En cuarto lugar, hay que decir que no existen datos que avalen la bondad de un sistema que produce un modelo de enseñante que después de obtener la titulación y aprobada una oposición, no tiene nada más que hacer durante los próximos 30 ó 35 años de su vida que verter información durante diez meses del año, más uno de burocracia, sin más meta ni más estímulo que la repetición mañana de lo que fue ayer. Es imposible, en este punto de la cuestión, evitar la rutina en el ejercicio de la profesión y, menos aún, avanzar en las cacareadas atención a la diversidad y personalización.
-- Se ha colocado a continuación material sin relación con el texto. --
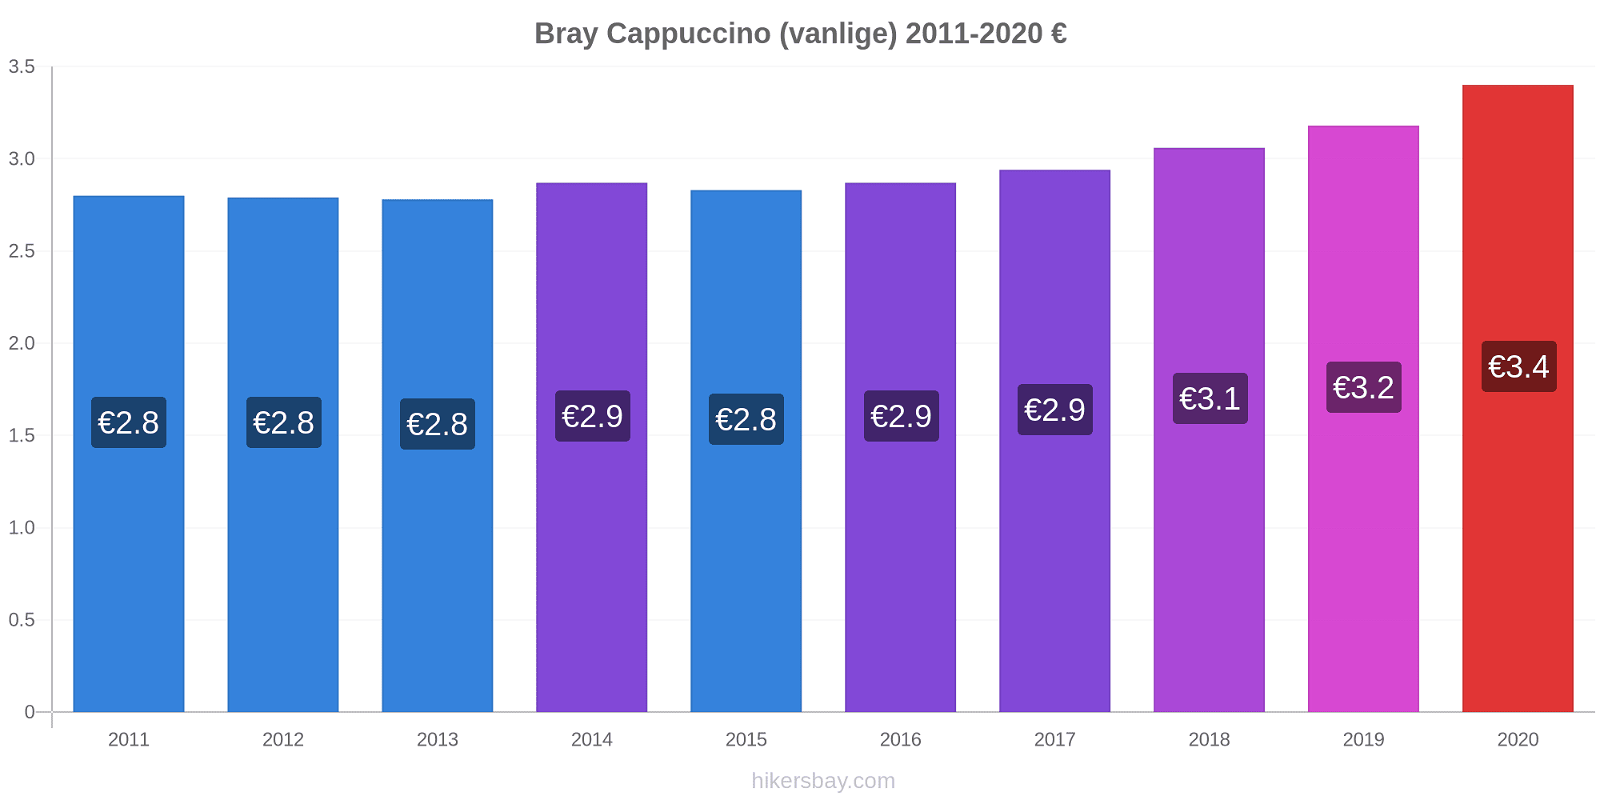 Bray prisendringer Cappuccino (vanlige) hikersbay.com

Lo que, en cambio, sí es posible es la apariencia de éstas en una red de burocracia paranoica: programaciones dirigidas a alumnos y situaciones que sólo conoceremos el día que pisemos el aula, atención a padres que no siempre están por la labor. ¿Quién y con qué respaldo ha podido apoyar la difusión y la elevación a rango de peligroso prejuicio de la distinción entre saber y saber enseñar?
Somos bien conscientes que una vuelta a la relativa moderación de los calendarios de ayer mismo, por sí sola, no arreglaría el gran problema en que la educación se ha convertido, si es que siempre no lo fue. Se trataría, en cualquier caso, de no echar más leña al fuego, de no aumentar más la cantidad de disparates que tienen como fondo la sistemática confusión de necesidades sociales con necesidades educativas.